Finding Macro Inspiration in the Garden
Focus Stacking for Extended Depth of Field

Abstract and colourful macro photos can look fantastic and are fun to do. You don’t need to worry so much about the technical aspect of your camera: it’s more about expression and visual interest. In this tutorial we’ll look at some simple ways to get some great abstract shots.

 Work With the Existing

Potential abstract photos are everywhere. Sometimes all it takes is you photographing a shot out of focus, a breeze blowing to move a plant or some fantastic industrial decay.

Finding the Unexpected Under Your Feet

I spotted this heart shape in amongst cracks in peeling paint at the site of an old and now derelict, outdoor swimming pool:

Heart macro
Peeling, old paint is a great source of close up abstract. [photo: Marie Gardiner]

The heart became my focal point. I’ve placed it on the bottom right intersection of our imaginary rule of thirds grid, which brings visual-focus and a feeling of space. The lines spiralling outwards are almost vein-like.

Wonderful Wet Canvas

After it's rained can be a nice time to do some abstract photos. Dappled rain drops and moisture patterns make an interesting background, and sometimes the droplets themselves are a great point of interest on objects. Take this plant pot for example: 

plant pot close up
A macro photo of a plant pot after rain. [photo: Marie Gardiner]

Its shape is ordinarily fairly interesting, but nothing special. Add the raindrops and you have a wonderfully textured object and great bokeh where the drops go out of focus. The silver and pink tones here really help add interest too.

Fabulous Flora

Plants and grass in the wind do the work for you when looking for abstract.

Grass abstract
Blowing grass does the work for you! [photo: Marie Gardiner]

This blue coloured grass was blowing around, creating lovely blurred, ghost-like images. I’ve used split toning in Adobe Photoshop here to enhance the existing colours. You can see the cool blue-green of the grass really stands out against the warm red background.

Set Up Your Own Abstract Shot

If you have a small area in your house you can photograph in, then creating your own abstract shots can be really simple.

Bubbles

Bubbles from washing-up liquid or bubble bath are a lovely to experiment with. The results are never the same twice:

Bubble macro
Bubbles produce wonderful shapes and colours. [photo: Marie Gardiner]

Play with the lighting to get a wonderful spectrum of colours and effects.

Glitter

Glitter is great too, although messy! Shoot wide open and with nothing in focus for some amazing bokeh.

Bokeh
Out of focus glitter makes brilliant bokeh [photo: Marie Gardiner]

Again, experiment with colours to see what works, although I personally find that two colours is enough when mixing them together otherwise it can look too ‘busy’.

If you are of a ‘more colours the better’ mind, then instead of mixing them, you could try arranging them more purposefully like this:

Rainbow glitter abstract
Arrange glitter purposefully for a different effect [photo: Marie Gardiner]

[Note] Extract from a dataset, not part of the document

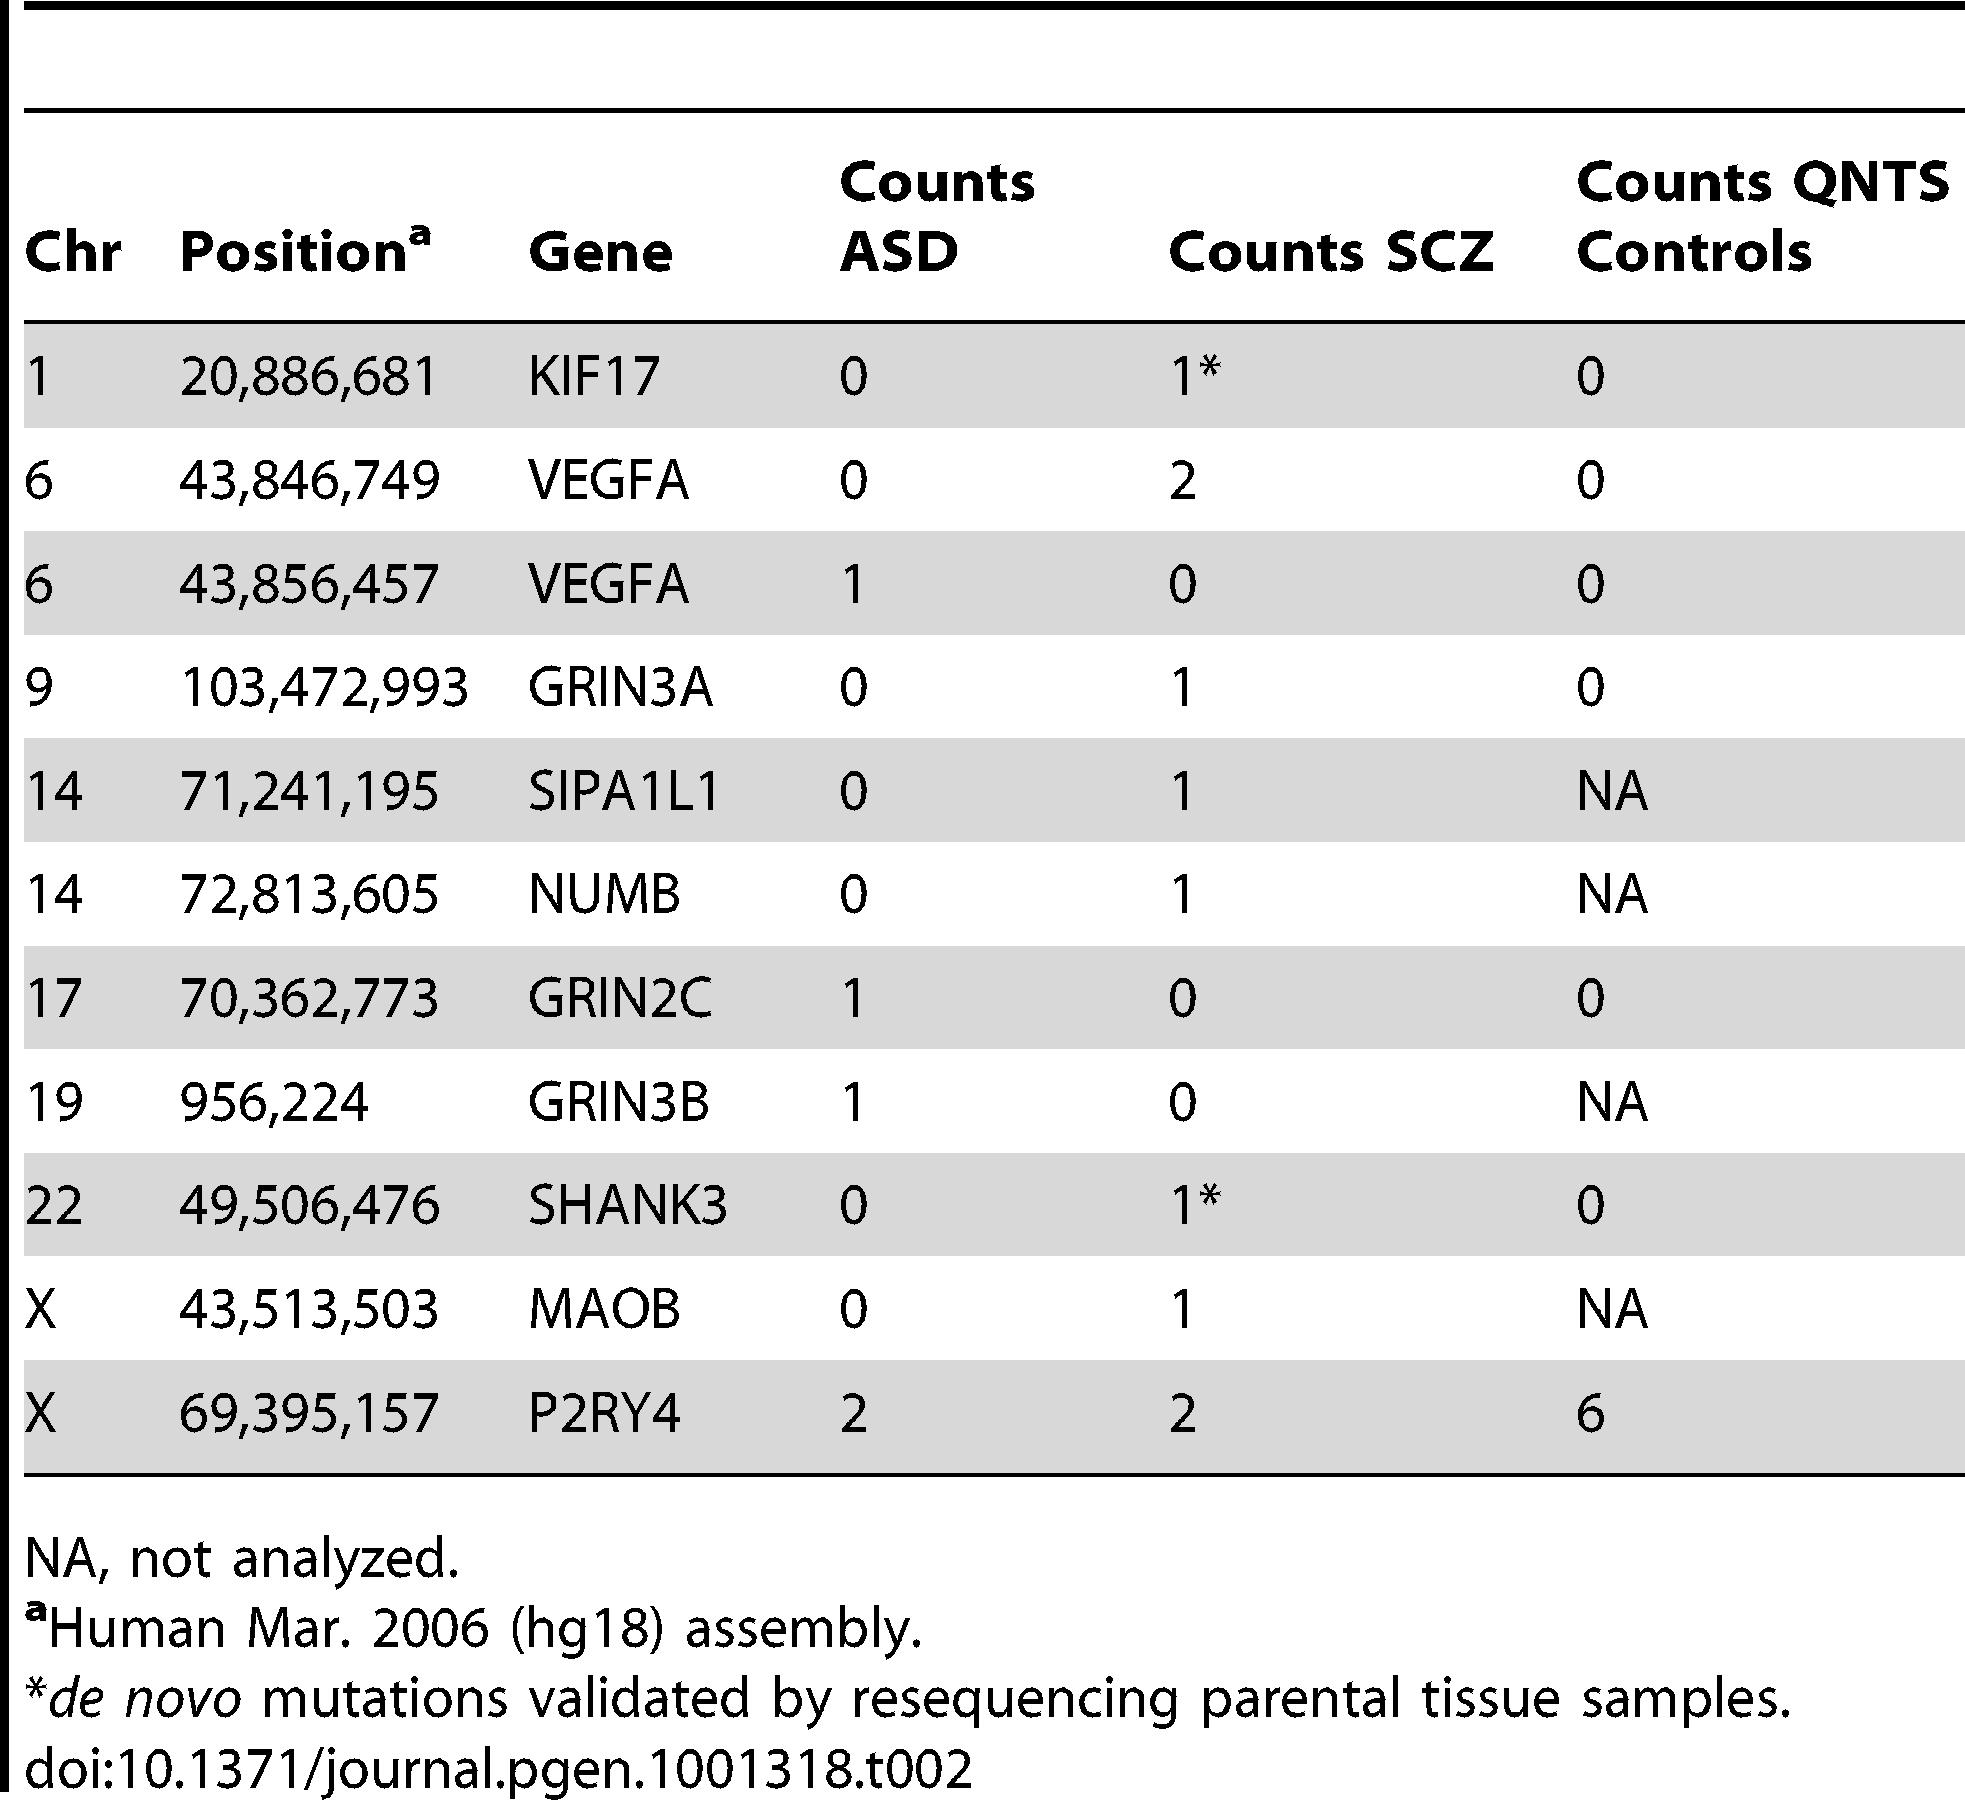 Nonsense Mutations in Disease Cohorts.

Spirals of glitter look good too if you have the patience. Just have the vacuum cleaner to hand!

Lights Under Glass

You can create some really ethereal looking pieces with a simple battery powered LED light. I picked up 2 for a £1 in the pound shop and they’re great for this kind of thing. Glass tables will allow you to light your subject from below but if you don’t have one then try using a glass coaster; just prop up the four corners with something and you’ll be able to put the light underneath. I did this with an autumnal leaf:

Leaf abstract
Lighting something from underneath can entirely change the perspective [photo: Marie Gardiner]

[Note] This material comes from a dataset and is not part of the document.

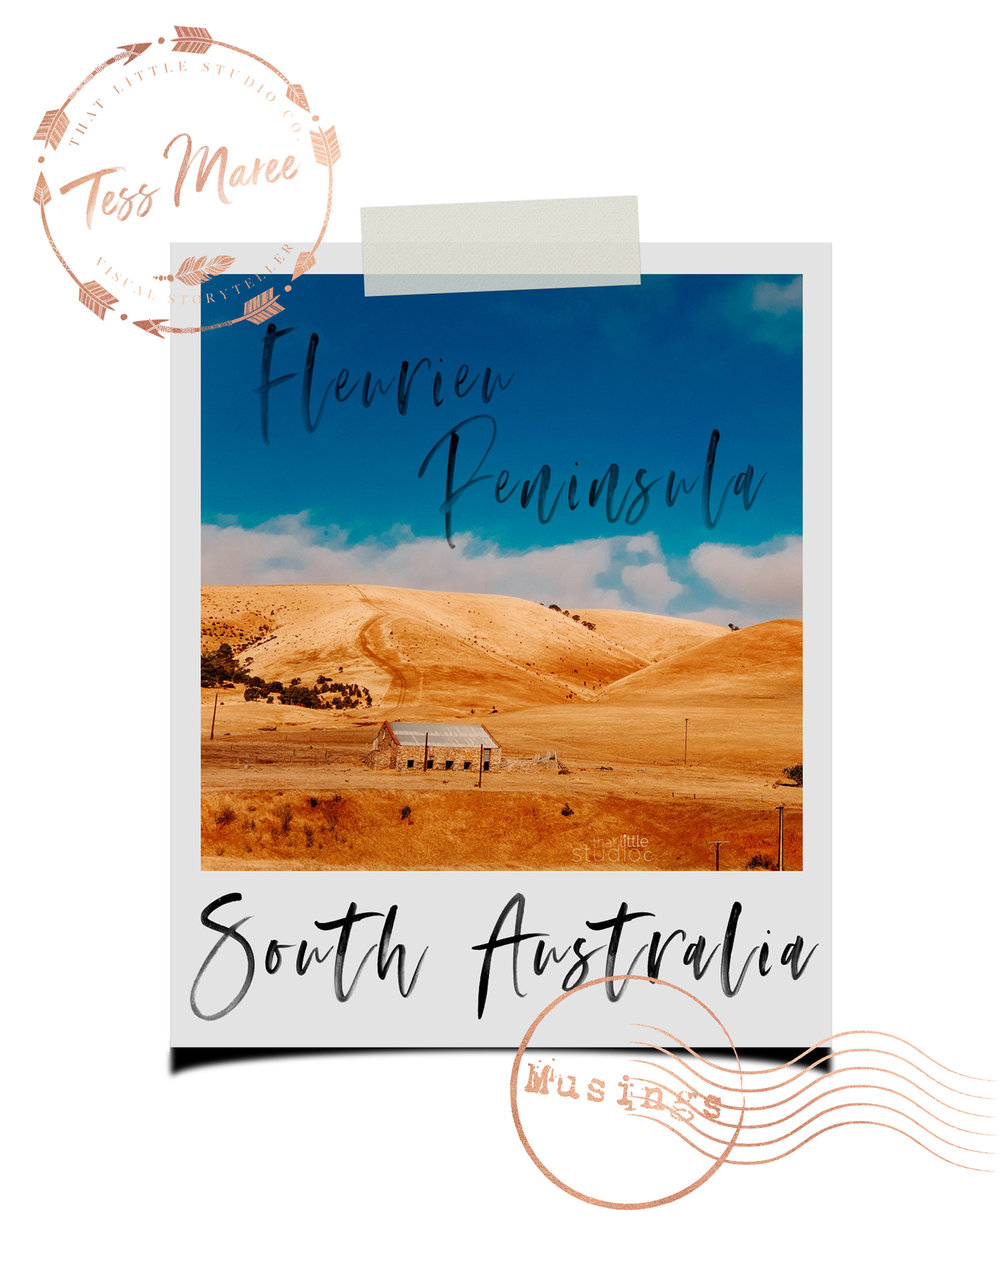 Tess-Maree-Musing-Flerieu-Peninsula-South-Australia-Polaroid

The LED light from underneath was the only lighting used here and I love how it creates the cool blue shadow which completely contrasts with the warm yellow-brown of the leaf.

Conclusion

 Abstract close ups don’t require you to get too technical so you can just have fun creating anything you think will look good. Experiment with lighting, focal length and aperture to get different perspectives on the same shot. Think about colours too and don’t be afraid of pushing up the saturation in post-processing; after all it’s about expression and interpretation, not about being true to life or perfect.